Operational Record: Exercises vs. Combat Claims
| Documented Exercise Successes (High Confidence) | 2026 Combat Attributions (Low-Medium Confidence) |
| Container-launched long-range profiles (Jan 2021). | Iranian claim of Arash-2 strike on Ben Gurion Airport (Mar 22). |
| Verified SEAD strikes in Eqtedar-1401 drills (Sep 2022). | Nakhchivan strikes (Mar 5); Azerbaijan notes “under investigation.” |
| Naval “drone carrier” deployment (2022). | Claims of “advanced Arash-2” destroying radar in 2026 conflict. |
The Nakhchivan incident on March 5, 2026, exemplifies the current “intelligence gap.” While Azerbaijan officially accused Iran, the lack of wreckage identification or forensic data creates a discrepancy between Iranian claims of “advanced Arash-2” use and external verification. Without wreckage analysis, these attributions remain speculative.
Intelligence Reliability and Risk Assessment
Assessing the Arash-2 requires a stringent confidence-rated approach to distinguish between Iranian psychological operations and verifiable kinetic capability.
Key Claims and Confidence Matrix
| Claim | Confidence | Rationale |
| Operator Identity (Artesh) | High | Consistent multi-year branding in Army-specific exercises. |
| Strike Range (~2,000 km) | Medium | Repeated claims; lacks independent 2,000 km flight verification. |
| SEAD Capability | Med-High | Explicit framing; optical seeker variant confirmed in displays. |
| Combat Attribution (2026) | Low-Med | Iranian claims lacks independent forensic/wreckage confirmation. |
Critical uncertainties regarding nomenclature persist. The inconsistent use of “Arash,” “Arash-1,” and “Arash-2” may be a deliberate Iranian deception intended to obscure technical progress or hide specific variant failures. Furthermore, the lack of independent validation for technical metrics means performance figures should be viewed as “design goals” rather than proven capacities.
Final Assessment
The Arash-2 represents a maturing threat that signifies the normalization of long-range strike capabilities within the Iranian Army’s conventional framework. By 2026, the platform has clearly moved beyond the prototype stage, despite the “technical problems” that likely hindered its 2022 export to Russia.
For regional security modeling, the Arash-2 must be treated as a primary SEAD threat designed to saturate defenses and force “active-target” vulnerabilities.
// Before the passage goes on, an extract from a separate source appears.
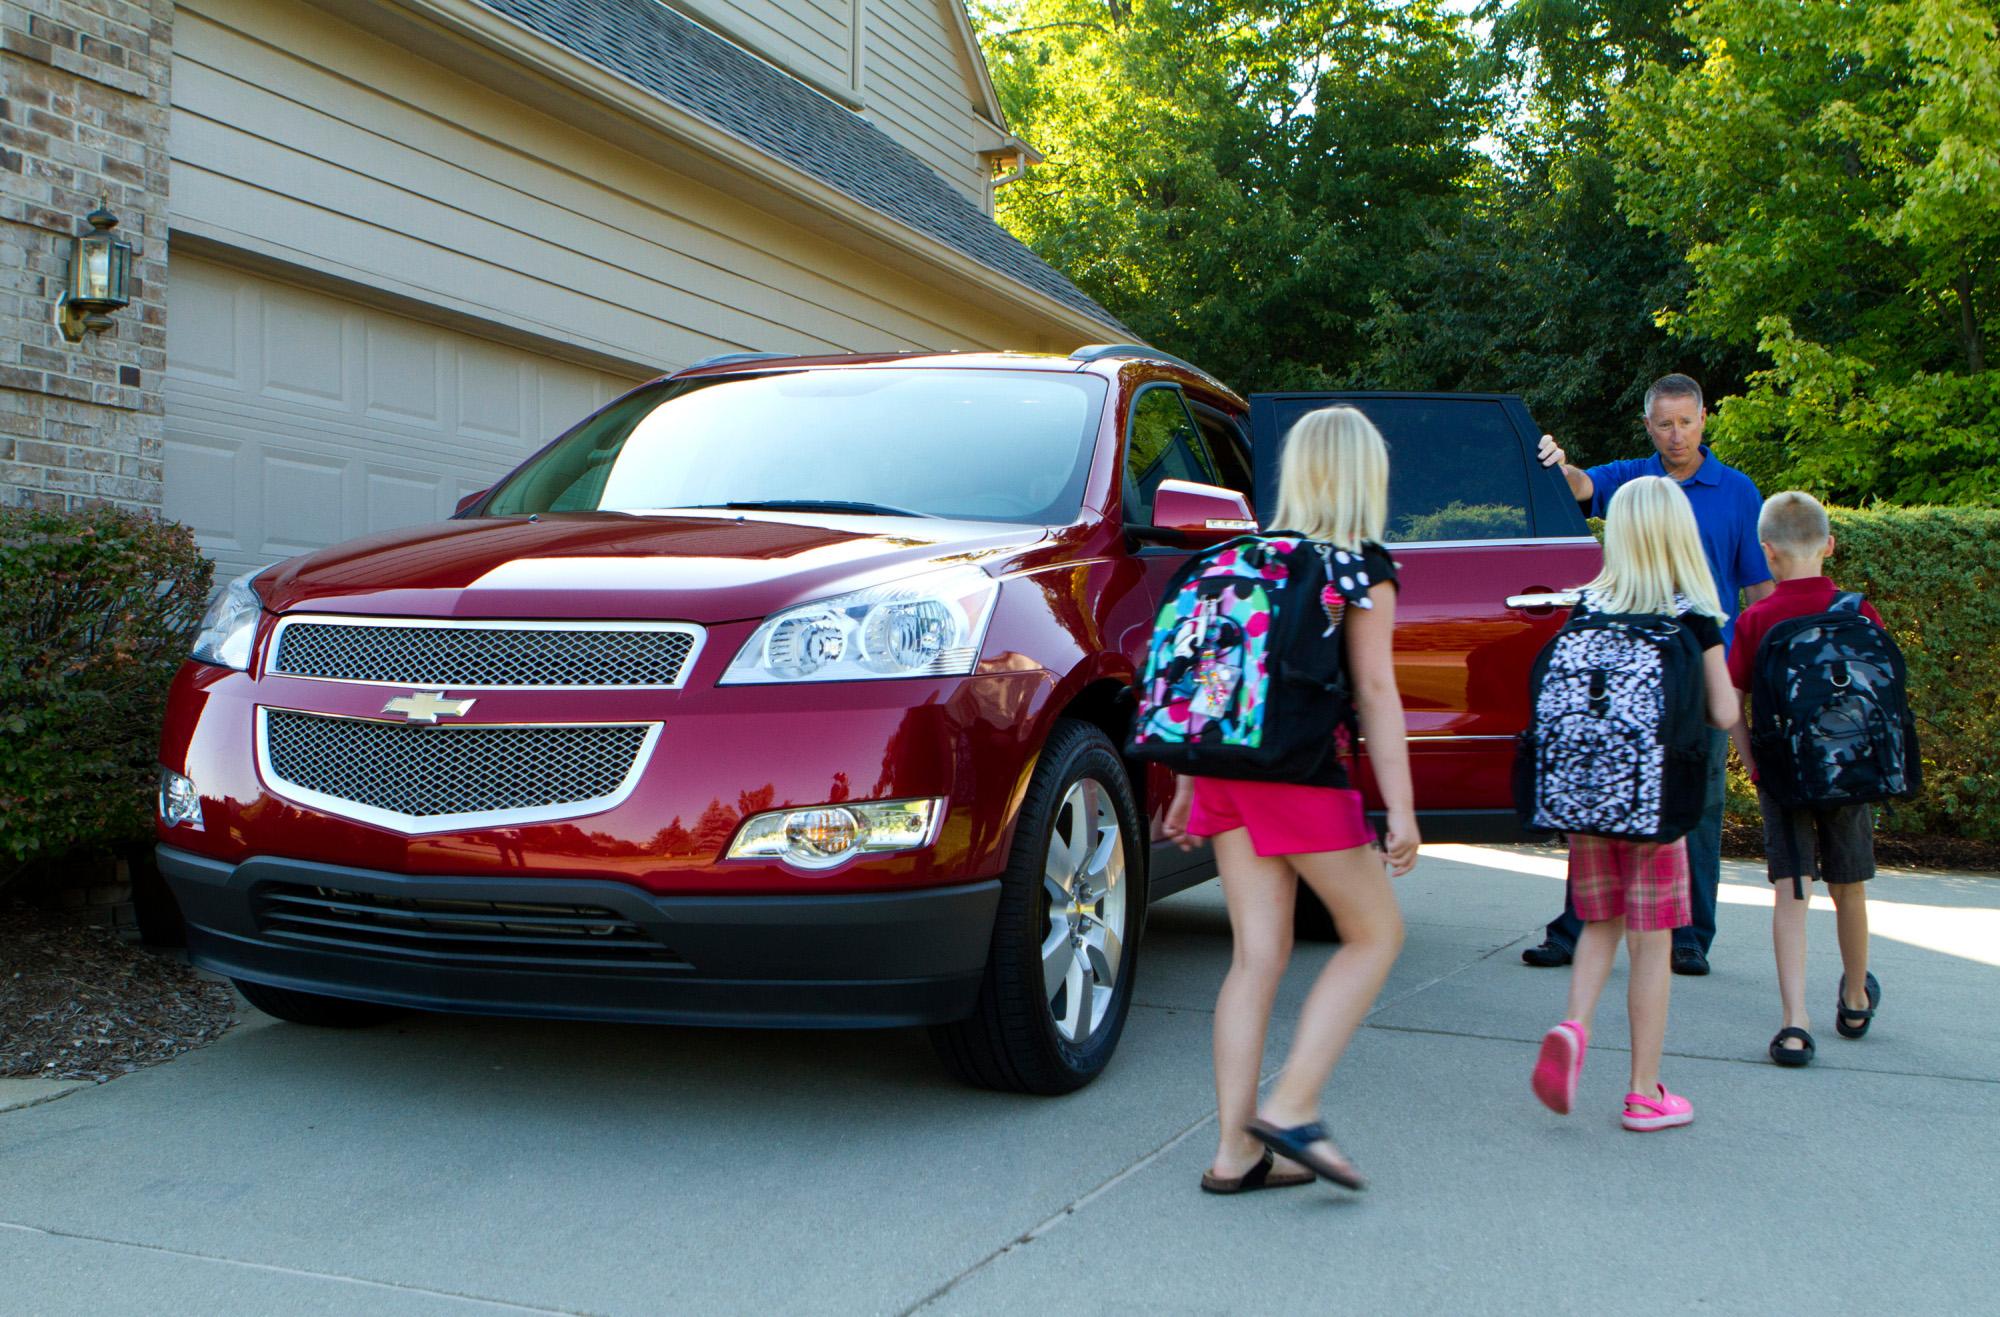 Five Star Auto Sales >> Chevrolet Survey Reveals the Soccer Dad, Recommends 2012 Traverse - autoevolution

CENTCOM posted in March 2026 during the conflict with Iran video depicting destruction of Arash-2 or an Arash-2 decoy, seen in the first images of the attached video. It is highly unlikely that Artesh forces are “indiscriminately targeting civilians” with Arash-2 sorties as claimed by CENTCOM’s Twitter/X account.
U.S. forces continue to eliminate the Iranian regime’s one-way attack drone capabilities, which they’ve used to indiscriminately target civilians throughout the region. pic.twitter.com/AbdLMmtoei
— U.S. Central Command (@CENTCOM) March 22, 2026
Priority for future intelligence collection must be placed on SIGINT related to seeker frequencies and the recovery of wreckage from the 2026 incidents to bridge the gap between Iranian rhetoric and verified technical performance. Analysts should anticipate that the Artesh will continue to iterate on the long range strike capabilities of their drone fleet to maintain strategic parity with the IRGC, potentially increasing the risk of miscalculation in regional escalations.